Had a dream last night about useing my 4 jaw Chuck ,realizing this morning I don't have a key for it.
So I made these there not perfect but will work , heated them bright orange and droped in cold water that's why they are not shinie . I made two for quick centering method, this is all just an experiment for me. But they'll work



	

		
			
		

		
	
 I may tap the big end for a thumb screw to keep the bar in place.


----------



## silence dogood (Dec 14, 2015)

look good to me


----------



## kd4gij (Dec 14, 2015)

Looks good.  I wouldn't put a setscrew. I would put a tack weld on each end so the bar won't come out. I usually pull the bar to one side for extra leverage when tightening.


----------



## Uglydog (Dec 14, 2015)

I like the heavy knurl, as I've never tried that.
Never had any luck with the two key method, as the single key has worked well for me.

Daryl
MN


----------



## chip maker (Dec 15, 2015)

If the bars are not to loose in the holes you could knerl the bars in the center and than just tap them into the body with a hammer. I have done this a few times and works well. In the future you can always tap them out if you want to change something. I got the idea from some old chrome T-Handle valve cover holders from a long time ago.


----------



## Navy Chief (Dec 15, 2015)

Nice work, it reminds me that I need to get busy on making a set myself.


----------



## MozamPete (Dec 15, 2015)

I made a couple very similar and they worked great until I went to use them to reverse the jaws in the 4 jaw chuck.  As the jaw started to come out of the chuck I found the body of the chuck key was too large in diameter for the jaw to pass.  Ended up having to make the small diameter at the square end of the key come up about half way along the key length. Just something to check.

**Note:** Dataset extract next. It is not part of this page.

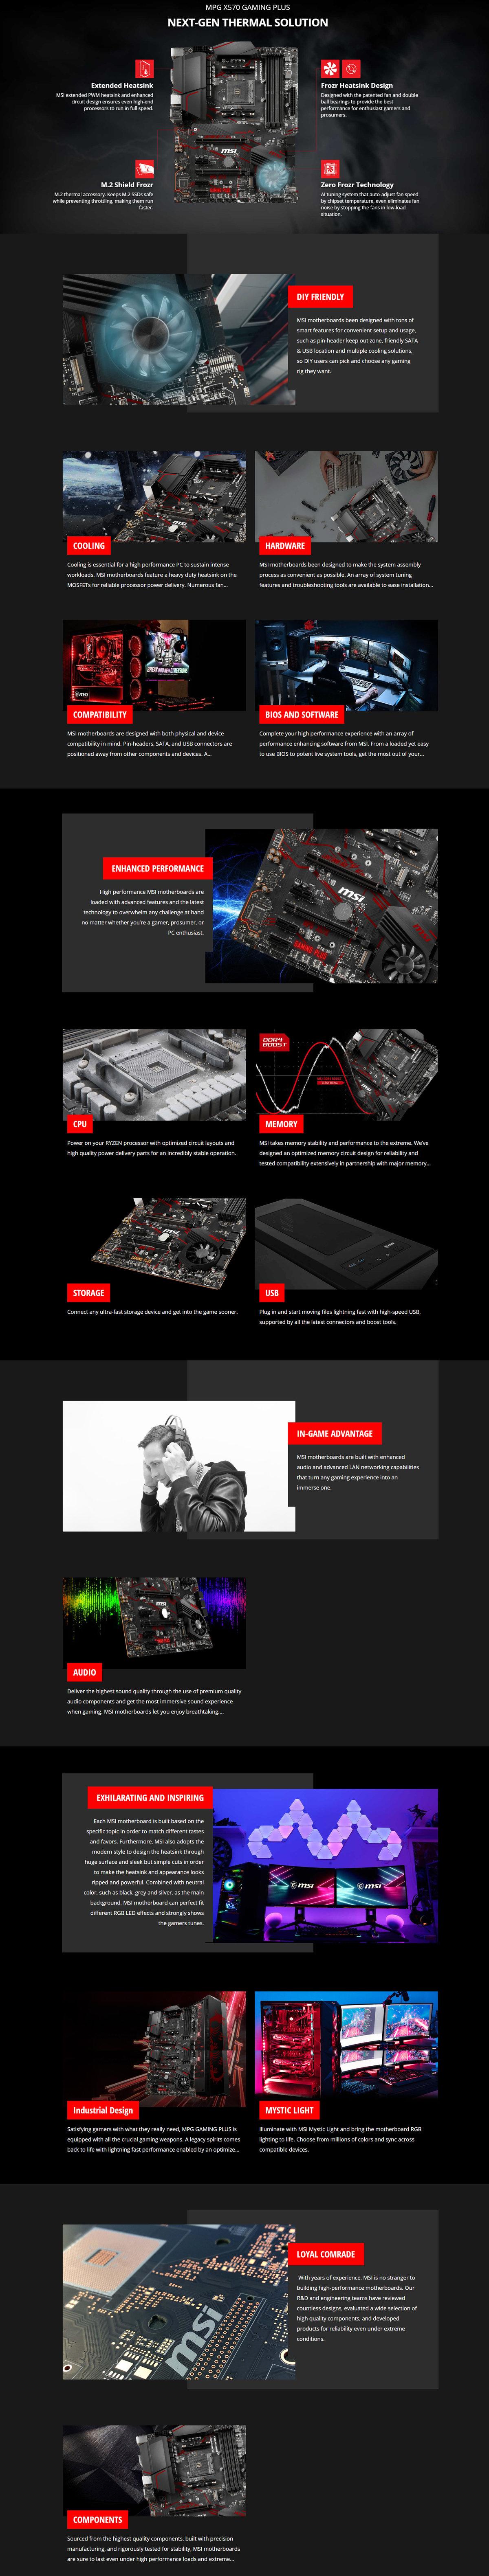 Details about MSI MPG X570 GAMING PLUS AMD Socket AM4 ATX Motherboard DDR4  HDMI M 2 USB3 2 RGB
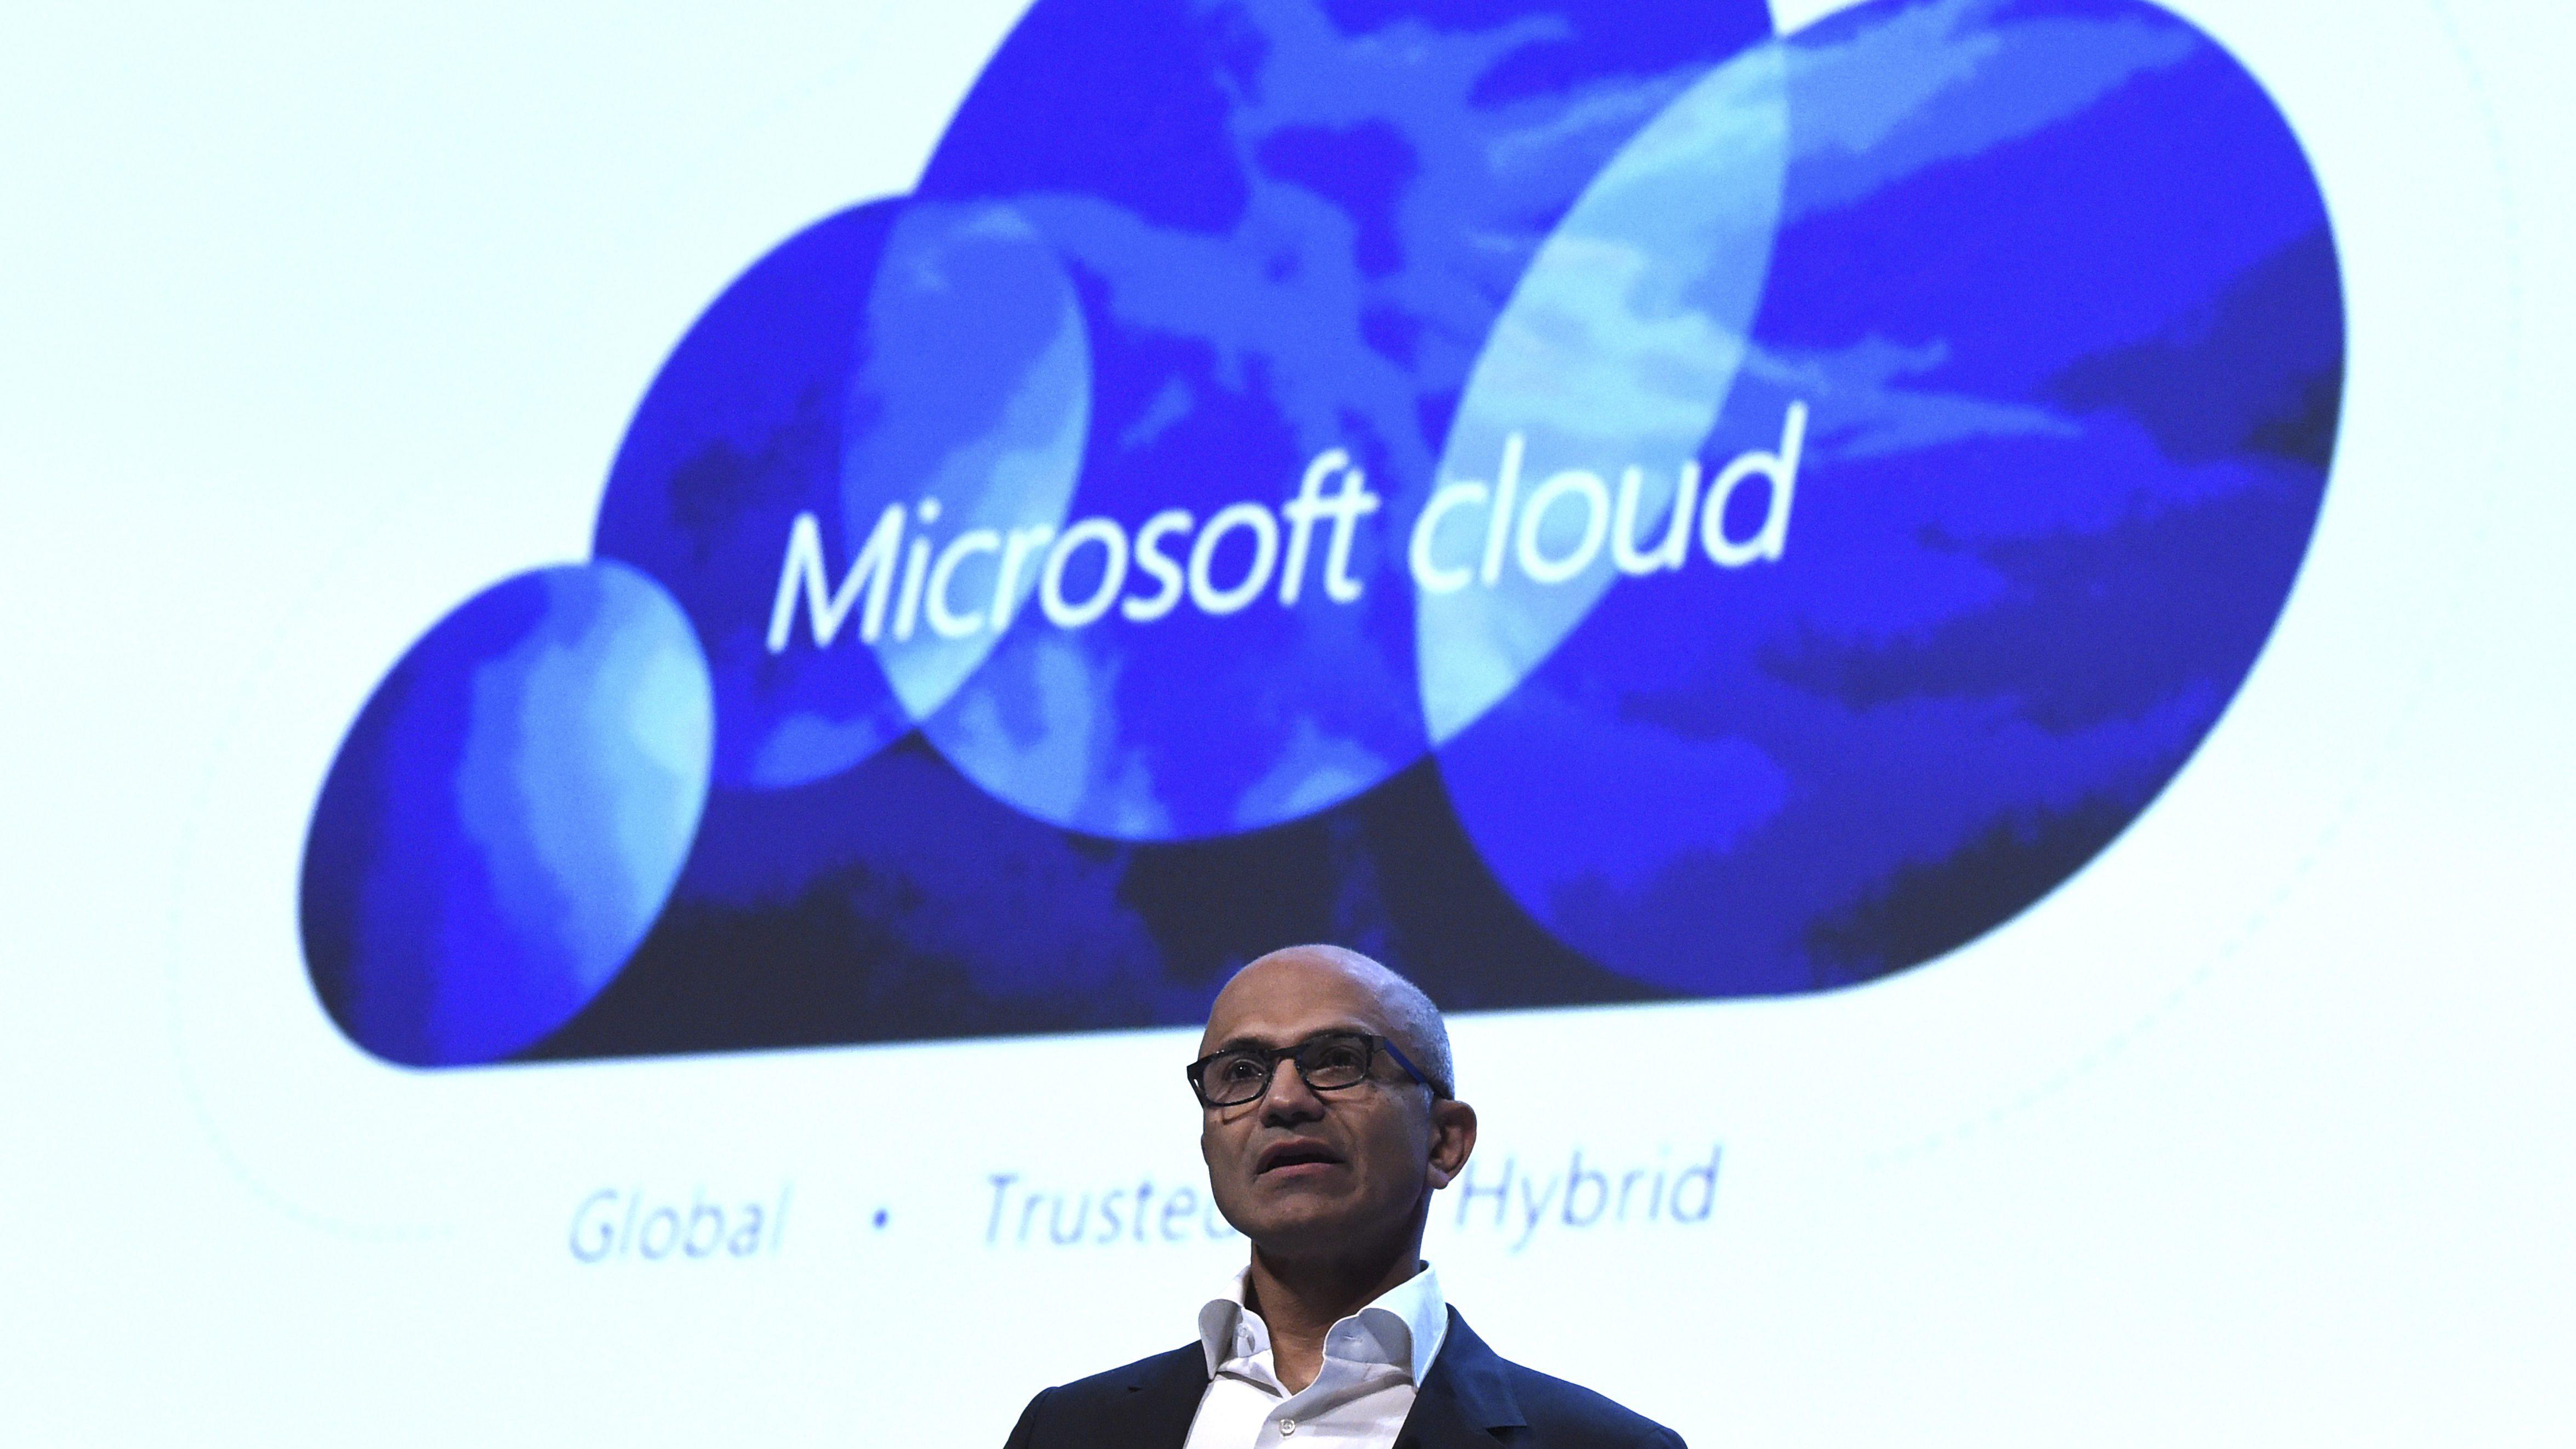 Microsoft CEO Satya Nadella speaks at a Microsoft tech gathering in Dublin, Ireland October 3, 2016.

p.s. I just knurled the middle section of the handle and press fitted it into the body to fix it.  A possible alternative to a set screw or tack welding


----------



## mzayd3 (Dec 15, 2015)

Nice knurls!!!

I knurled the center of mine as well, but only because I missed my number.

Sent from my iPhone using Tapatalk


----------



## A618fan2 (Dec 17, 2015)

Knurly dude! Nice work.


----------